▶ TRY IT
Look below for the lines from the one with "Jura - Boiler" to the one with "Artículo 7º- La", and copy exactly those lines, both ends included.

▶ DATA SECTION
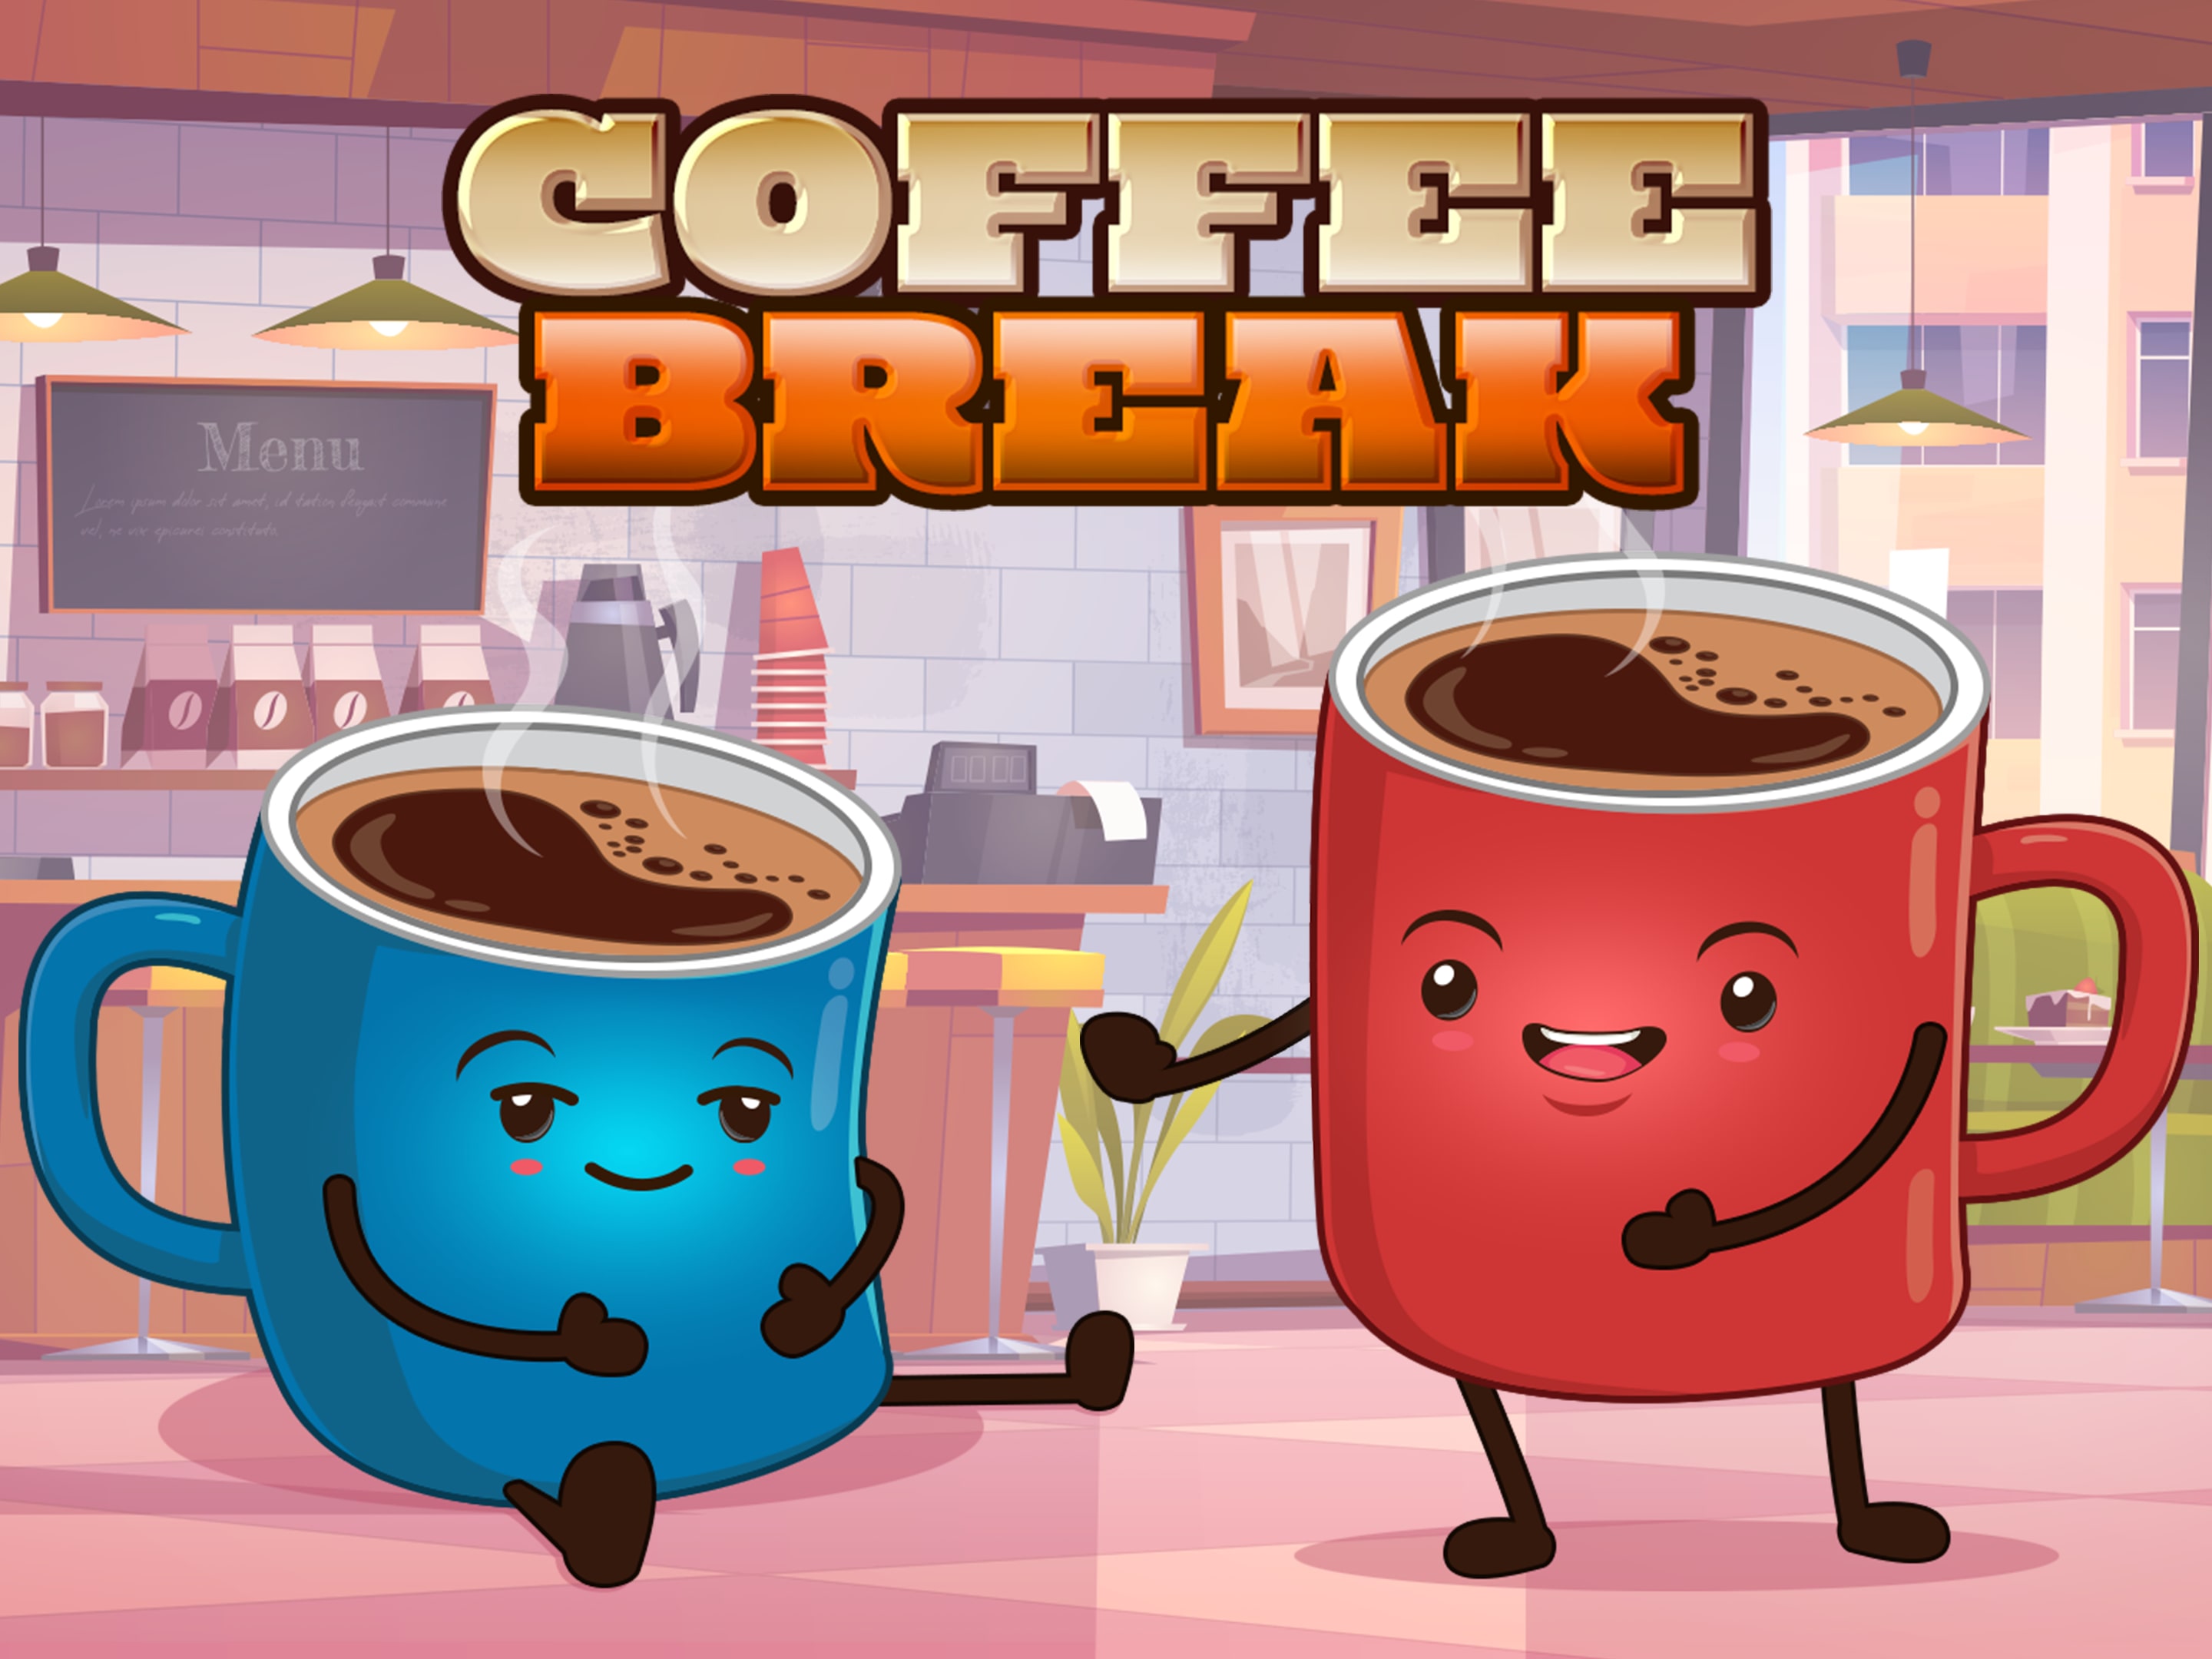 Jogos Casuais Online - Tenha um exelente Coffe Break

* * *

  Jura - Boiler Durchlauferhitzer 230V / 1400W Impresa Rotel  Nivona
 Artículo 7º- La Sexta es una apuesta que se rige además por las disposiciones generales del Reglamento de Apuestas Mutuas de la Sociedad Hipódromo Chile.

▶ TASK RESPONSE
  Jura - Boiler Durchlauferhitzer 230V / 1400W Impresa Rotel  Nivona
 Artículo 7º- La Sexta es una apuesta que se rige además por las disposiciones generales del Reglamento de Apuestas Mutuas de la Sociedad Hipódromo Chile.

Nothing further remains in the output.